Introduction
Le développement embryonnaire est une période de changements complexes et coordonnés, et la formation du tube neural est une étape cruciale dans le développement du système nerveux des vertébrés. Cet article explore en détail le processus de développement du tube neural primitif chez l'embryon, en mettant en évidence les étapes clés, les mécanismes moléculaires impliqués et les conséquences des anomalies de ce processus.
Formation Initiale du Tube Neural
La Gouttière Neurale et sa Fermeture
Vers le 17ème jour après la fécondation, un sillon appelé gouttière neurale apparaît sur la face dorsale de la plaque embryonnaire. Ce sillon s'enfonce dans l'ectoblaste embryonnaire. Les bords du sillon se soudent ensuite, ce qui détermine la formation d'un tube. Ce tube neural primitif est initialement constitué de segments juxtaposés semblables, appelés neuromères.
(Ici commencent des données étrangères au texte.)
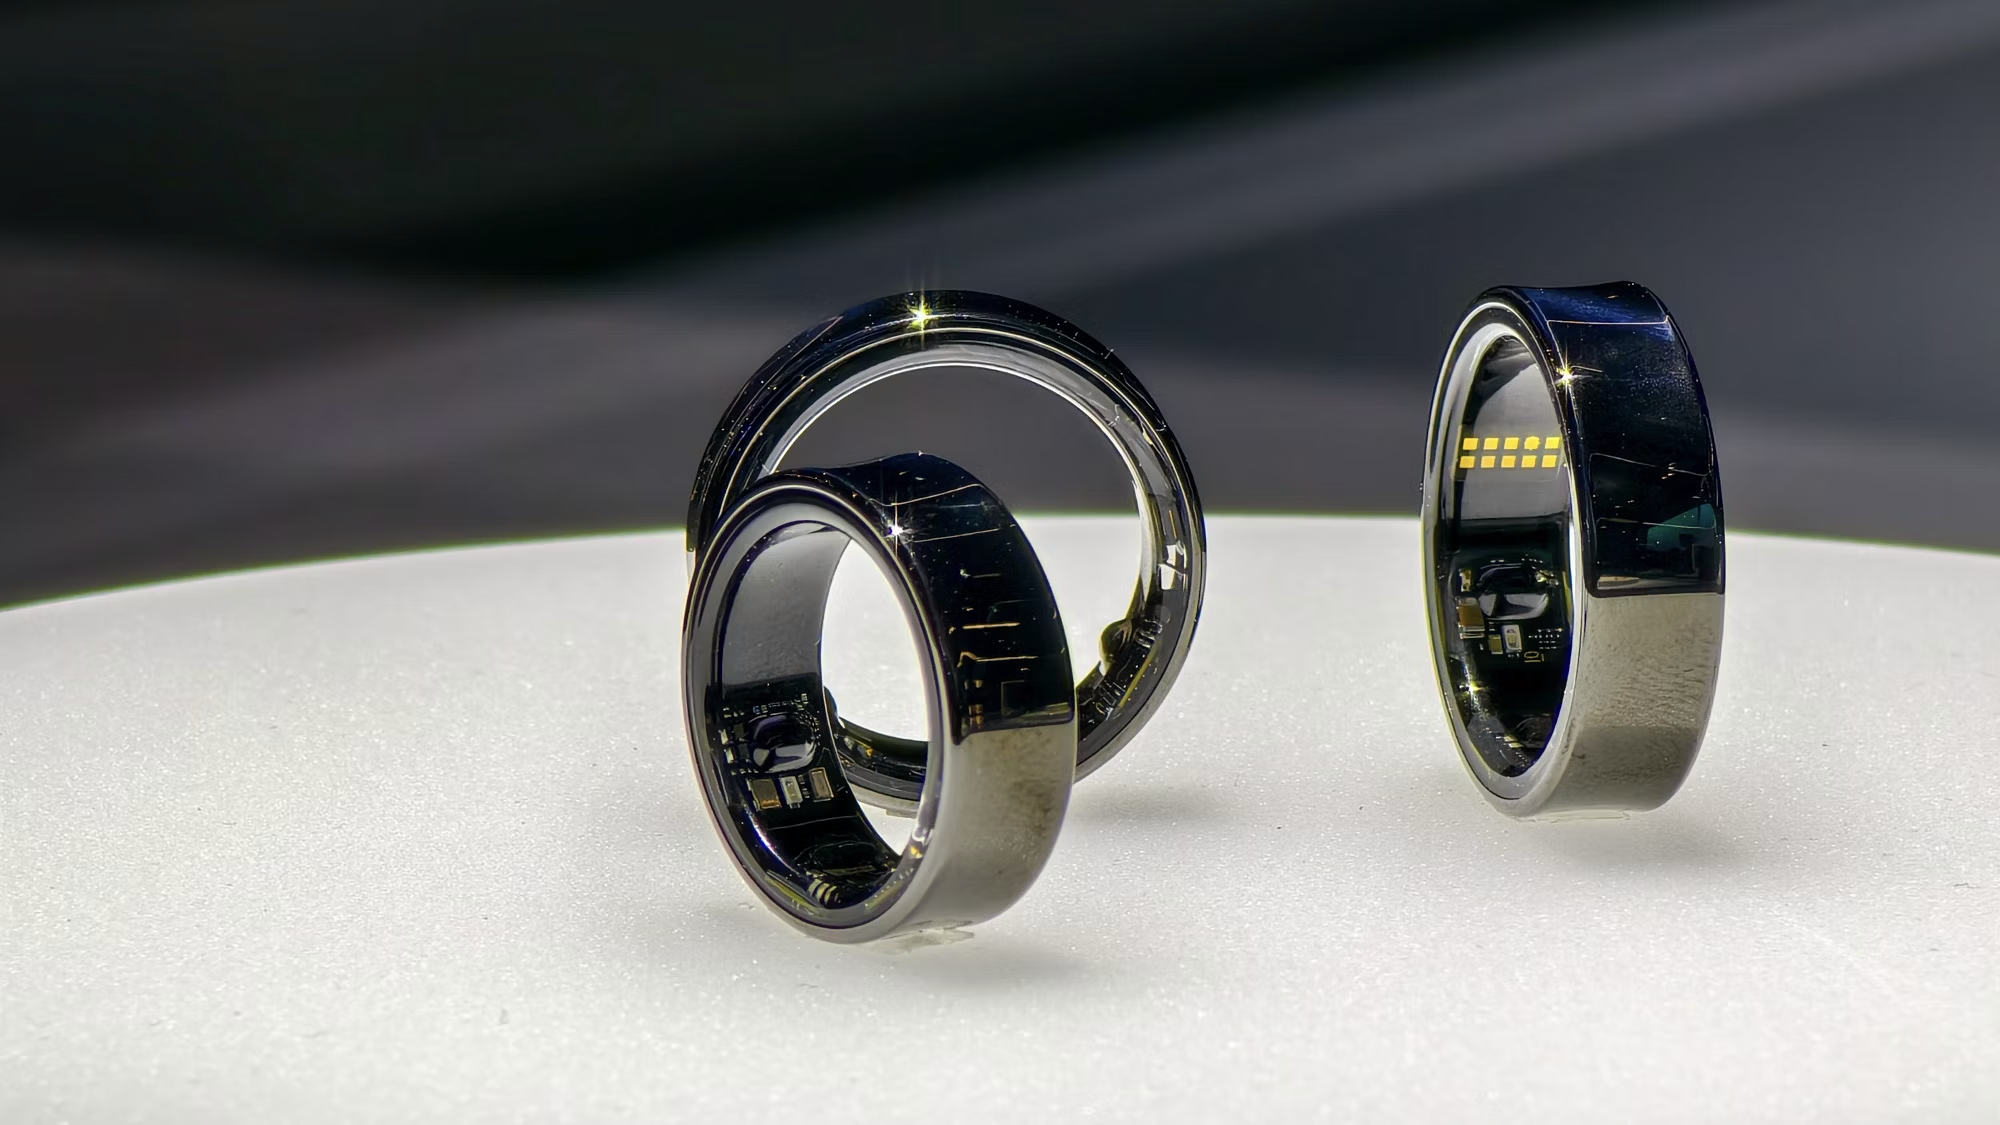 Galaxy Ring: los anillos inteligentes de Samsung que medirán tus  biométricos 24/7

Chaque neuromère contient une cavité centrale : le canal de l'épendyme.
La paroi du tube neural est formée par la substance grise, répartie autour du canal de l'épendyme. L'extrémité antérieure du tube neural subit, au cours de son développement, 3 puis 5 dilatations, qui constitueront les différentes parties du tronc cérébral et du cerveau. Ultérieurement, un cloisonnement (septum) entraîne un dédoublement du télencéphale (5ème vésicule).
La plaque neurale et la gouttière neurale apparaissent dès le 17ème jour de la vie intra-utérine. La fermeture de la gouttière neurale intervient au début du 21ème jour. La fermeture du neuropore antérieur (future lame terminale) se produit au 26ème jour et celle du neuropore postérieur au 28ème jour. Le stade à trois vésicules se situe au début du 25ème jour, tandis que le stade à cinq vésicules commence au 32ème jour. À deux mois et demi de la vie intra-utérine, les vésicules télencéphaliques recouvrent et encerclent complètement la vésicule diencéphalique.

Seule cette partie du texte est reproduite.